Удивительно, откуда у людей берутся силы сохранять спокойствие, нормально вести себя, разумно отвечать на вопросы, когда внутри все трещит по швам, рушится и распадается на куски. Сейчас я понимаю, что пережила в Докере некий внутренний кризис, хотя тогда эти слова не приходили мне в голову. В конце концов я ведь делала все, что нужно. Белые жители Докера сочувствовали мне, помогали, старались развлечь, но откуда им было знать, что мне нужны все мои силы только на то, чтобы оставаться в своем автофургоне и зализывать раны. Откуда им было знать, что, приглашая меня в гости — а я была слишком слаба, чтобы отказываться, — они вынуждали меня скрывать за улыбками нараставшее отчаяние. Больше всего мне хотелось спрятаться, я спала часами и, просыпаясь, проваливалась в пустоту. В бесцветную пустоту. Я была больна.

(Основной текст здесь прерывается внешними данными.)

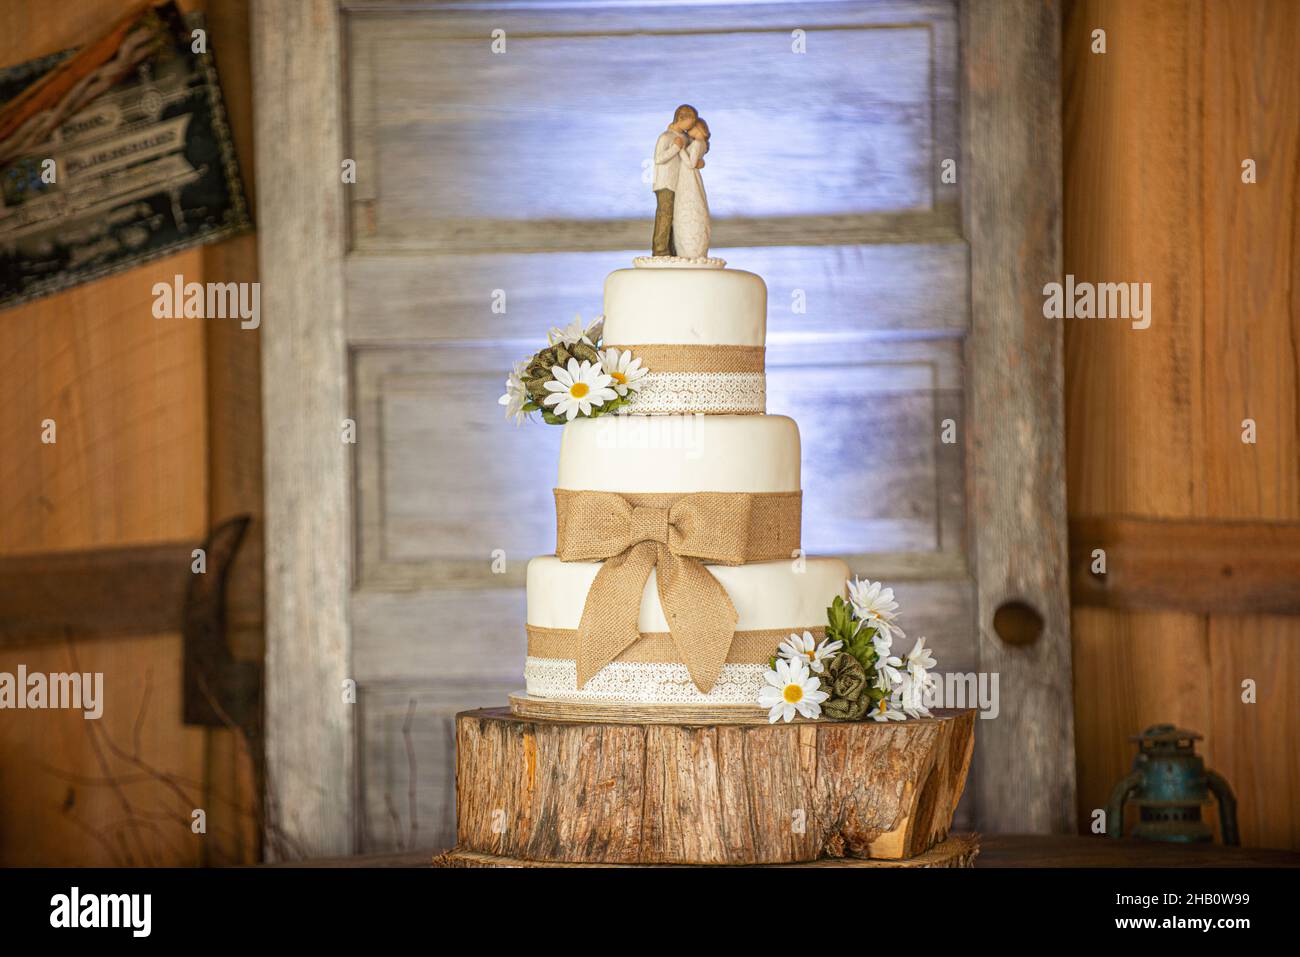 Wonderful three tier wedding cake with canvass lace and bows and sunflowers on wood bark stand and wood door background Stock Photo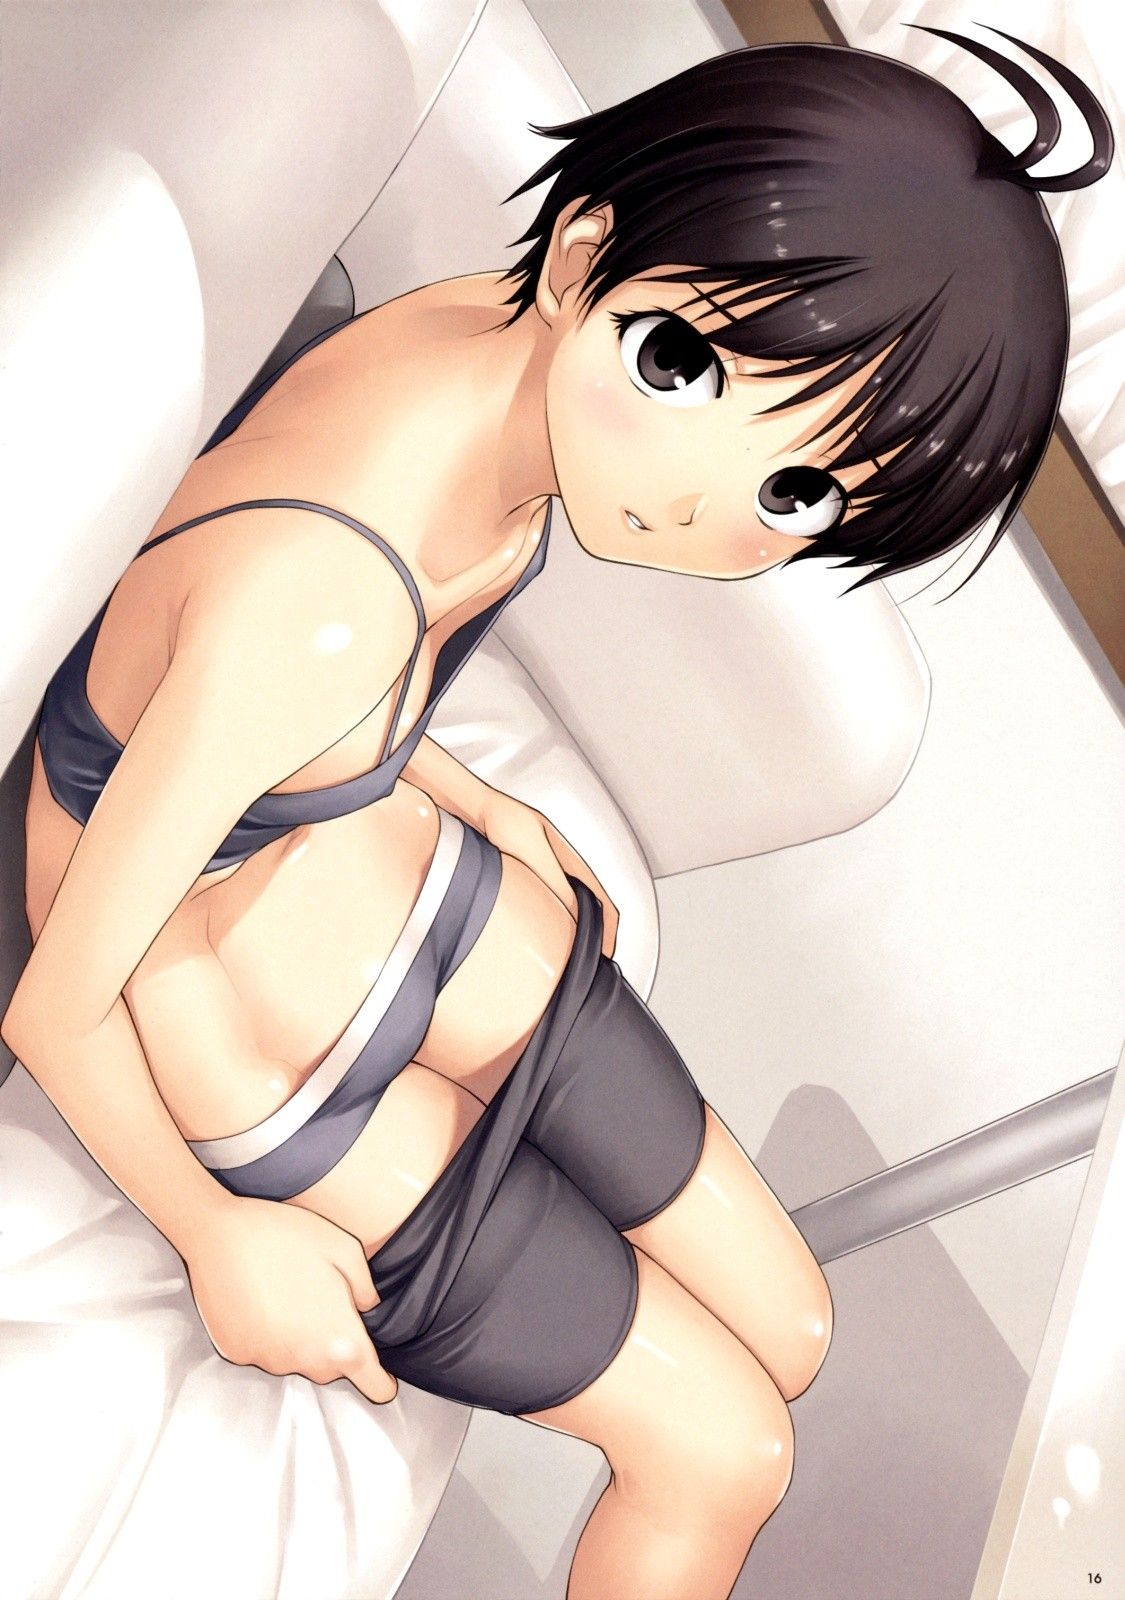 [Secondary/ZIP] The second erotic image of the girl wearing spats 12 14

Какие бы доводы я ни приводила раньше, оправдывая работу Рика, здесь, в Докере, они ничего не стоили, потому что аборигены явно не хотели, чтобы их фотографировали. Они воспринимали щелканье фотоаппарата как оскорбление. Я просила Рика спрятать фотоаппарат. Он твердил, что делает свое дело. Мне попалась в руки специальная книжечка для записи расходов, выданная Рику журналом «Джиогрэфик». Там была графа «Подарки коренному населению». Я не могла поверить собственным глазам. Конечно, я попросила Рика записать, что он истратил пять тысяч долларов на зеркальца и бусы, и вручить деньги советнику общины. Я поняла, что фотографии, помещенные в таком консервативном журнале, как «Джиогрэфик», не принесут аборигенам ни малейшей пользы, что бы я ни написала в своей статье. Для читателей этого журнала аборигены все равно останутся занятными дикарями, и только, на них можно поглазеть, разинув рот, но кто же станет беспокоиться об их судьбе? Я убеждала Рика, что, пусть невольно, он оказался с теми, кто наживается на несчастье других, а кроме того, его считали моим мужем, поэтому неприязнь, которую он вызывал у аборигенов, распространялась и на меня. Аборигены, как всегда, были со мной приветливы и вежливы, они брали меня на охоту, мы вместе собирали съедобные растения, и все-таки между нами стояла стена. Ричард вернулся к своим прежним возражениям, но я видела, что он растерян — он понимал, что я права.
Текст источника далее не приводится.